Ces résultats mettent en évidence que les programmes de formation formelle peuvent renforcer la passion pour les métiers. Cela est particulièrement vrai pour les personnes traditionnellement sous-représentées dans le secteur. Si nous voulons bâtir un avenir durable, il nous faut davantage d’hommes et de femmes pour la plomberie, la chaudronnerie, l’exploitation d’équipements lourds et la soudure. Ceci permettra de refléter la diversité de nos collectivités.  

L’avenir du secteur 

Nous savons qu’il existe actuellement un fossé entre les employeurs du secteur des métiers et les apprentis. Il peut être difficile pour les employeurs de recruter et de fidéliser de jeunes travailleuses et travailleurs. La rentabilité est souvent affectée par le temps investi dans la formation et les apprentis, aussi enthousiastes soient-ils, ont parfois du mal à trouver un stage. Il faut trouver des solutions à ces défis au fur et à mesure que nos besoins et nos préférences évoluent.  

En tant que porte-parole national des collèges et instituts, nous rassemblons nos établissements dans le cadre de programmes et de projets nationaux. Ces derniers visent à trouver des solutions à des défis économiques et sociaux similaires à ceux rencontrés aujourd’hui dans le secteur des métiers. Il peut notamment s’agir d’accorder des subventions salariales pour aider les étudiantes et étudiants à décrocher un emploi, de mettre au point de nouvelles microcertifications et des méthodes d’enseignement novatrices, d’aider les nouveaux arrivants sur le marché du travail, et bien plus encore.  

Apprentissages Lancement de carrière, par exemple, offre des incitatifs financiers et d’autres ressources aux petits et moyens employeurs des secteurs de la construction et de la fabrication pour les aider à embaucher de nouveaux apprentis. Le programme permet aux employeurs d’accéder aux talents nécessaires pour faire prospérer leur entreprise. Il leur permet aussi de bénéficier d’incitatifs pour recruter, embaucher et intégrer de nouveaux apprentis, sans oublier le soutien nécessaire pour naviguer dans les systèmes de certification des apprentis au Canada, ceux-ci variant d’une province à l’autre. Mais aussi, il contribue à accroître la diversité dans les métiers en incitant les employeurs à embaucher des apprentis issus de groupes traditionnellement sous-représentés dans le secteur et en leur fournissant les ressources nécessaires pour les accompagner dans leur démarche. 

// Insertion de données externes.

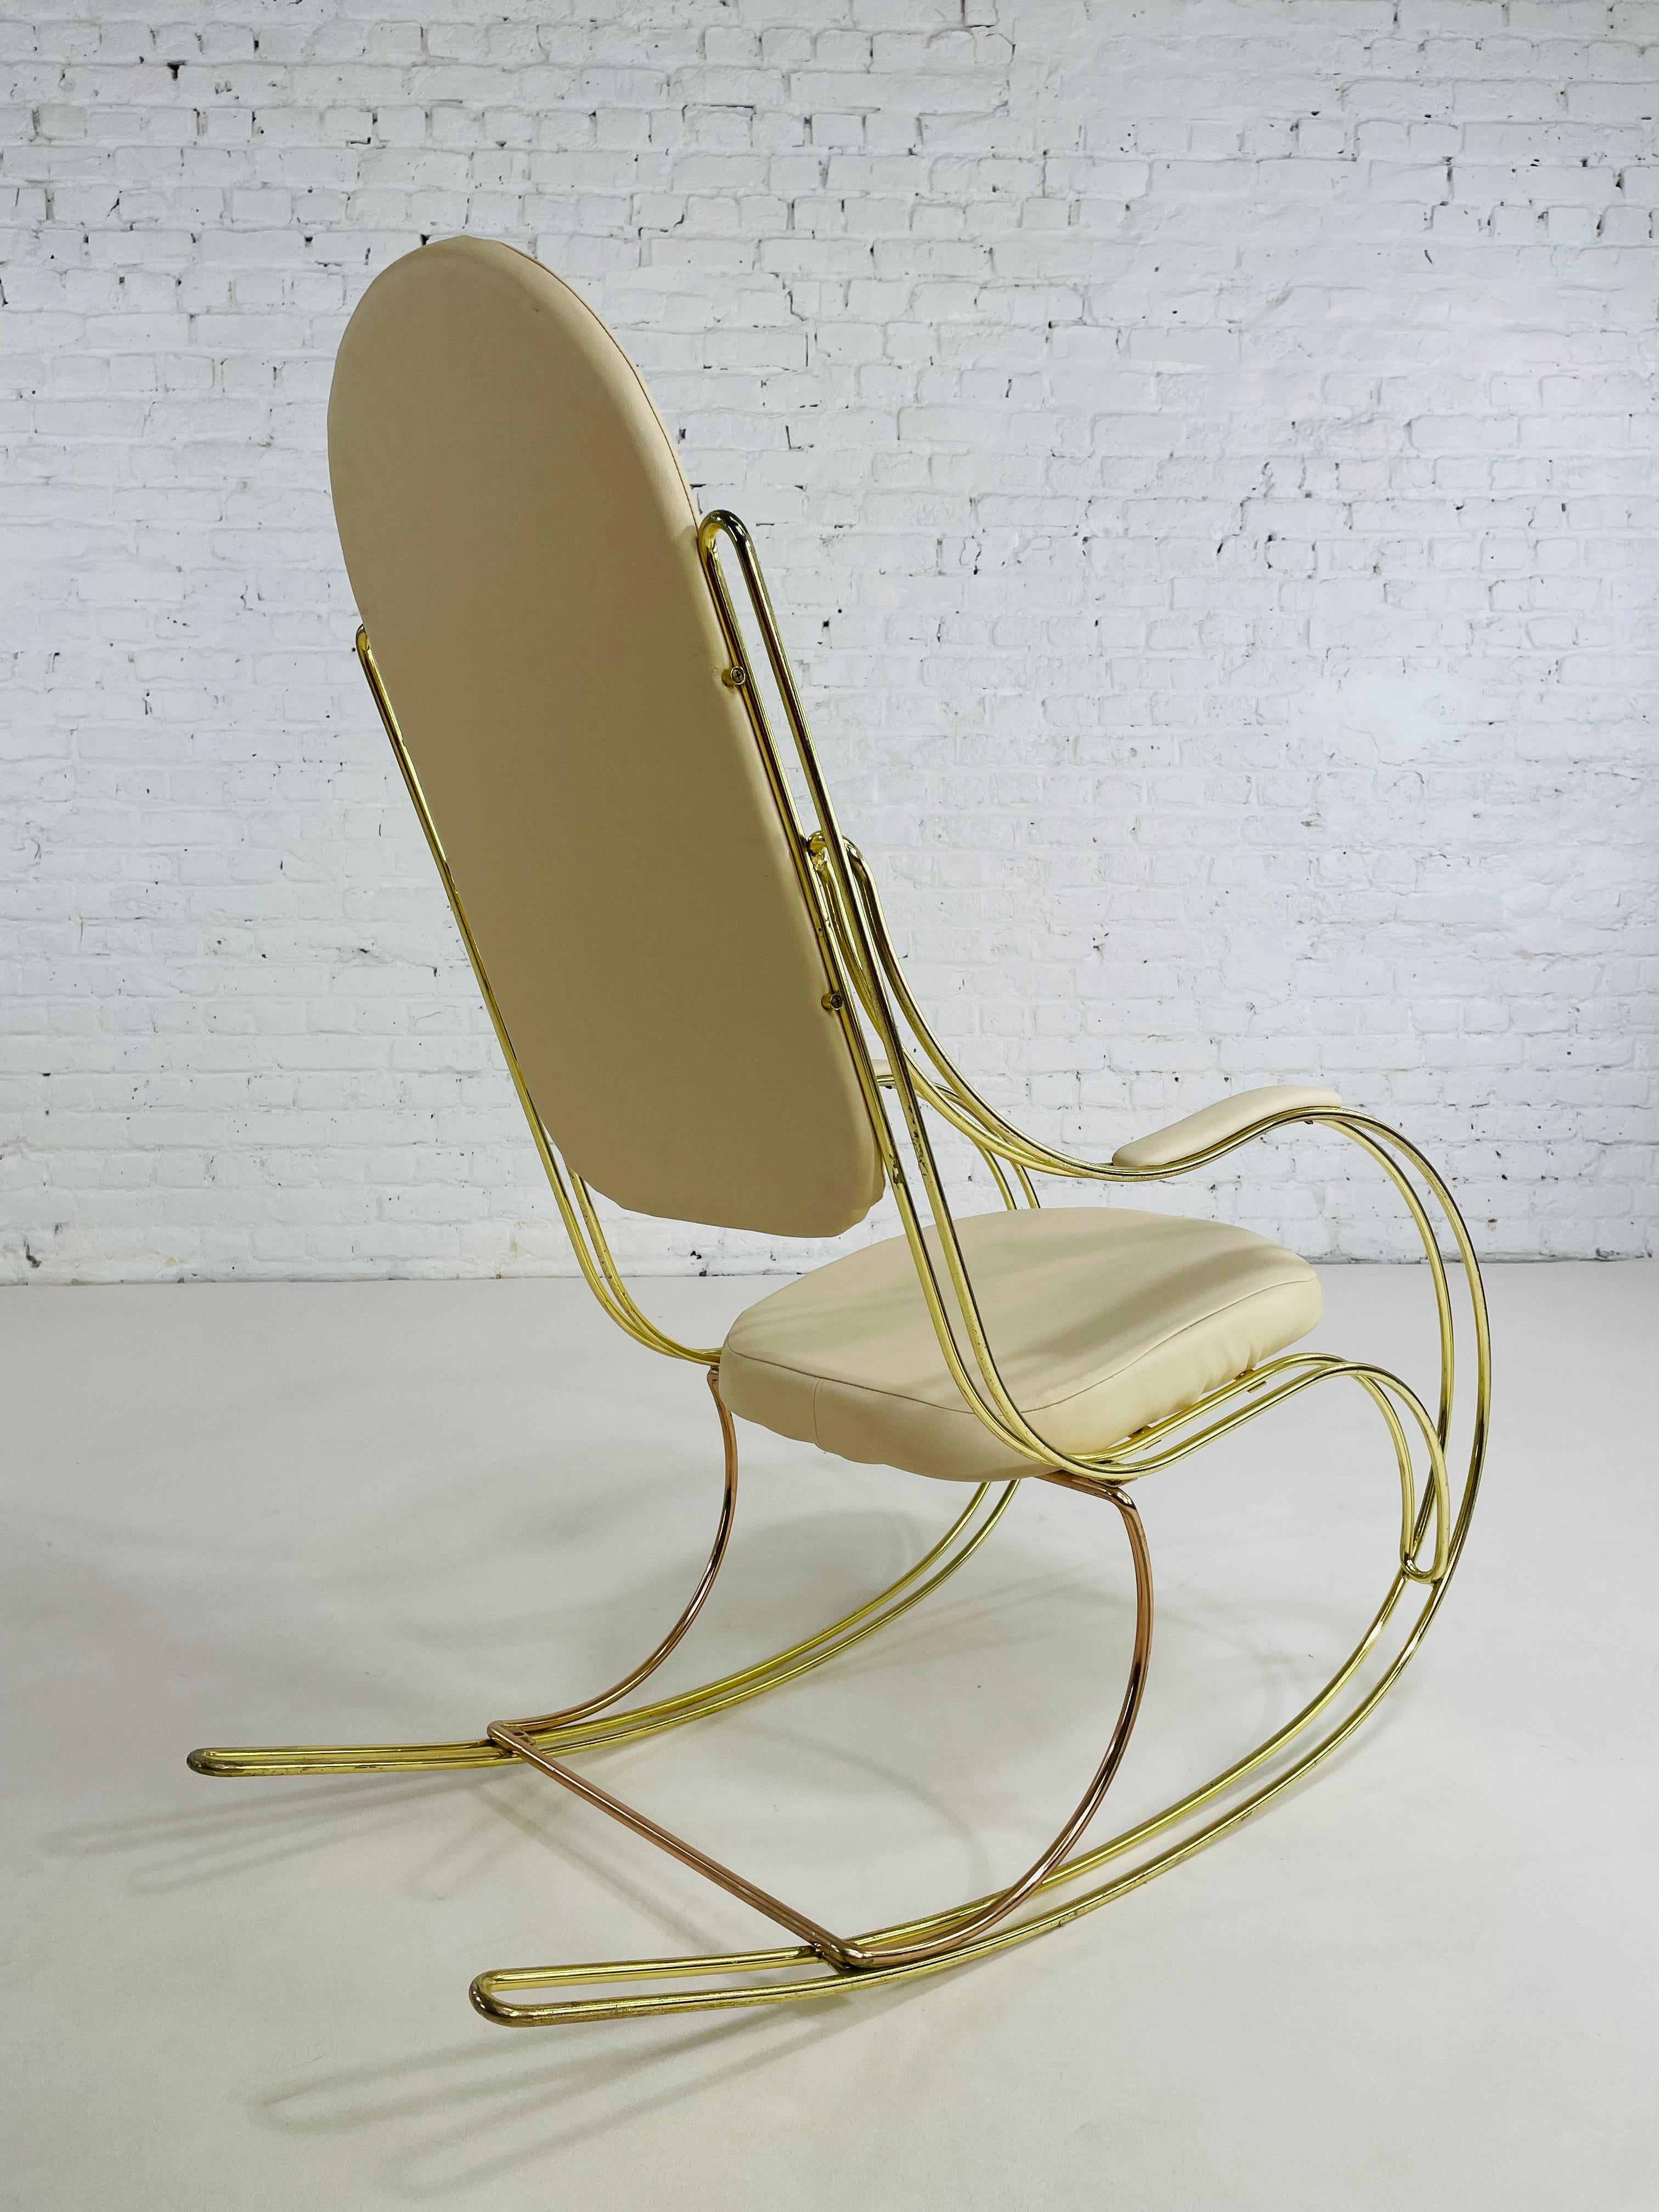 1960s-1970s Brass And Beige Faux Leather Rocking Chair For Sale 2

Les collèges et instituts forment un réseau pancanadien de fournisseurs de compétences. À ce titre, ils rendent de telles ressources facilement accessibles aux collectivités et aux employeurs de l’ensemble du pays. Et de fait, avec ses quelque 700 campus, plus de 95% des Canadiens et plus de 86% des peuples autochtones se trouvent à moins de 50 km d’un collège ou d’un institut. 

Une carrière dans les métiers spécialisés est gratifiante, bien rémunérée et implique un travail hautement qualifié et des connaissances spécialisées – sans parler des possibilités de posséder sa propre entreprise. Nous devons nous efforcer de remettre en question les idées reçues sur la formation professionnelle et les carrières spécialisées telles que les métiers. Elles sont cruciales pour chacune de nos collectivités.  

Les collèges et instituts sont des chefs de file dans le domaine de l’apprentissage axé sur les compétences de haute qualité. Ils font donc partie de la solution.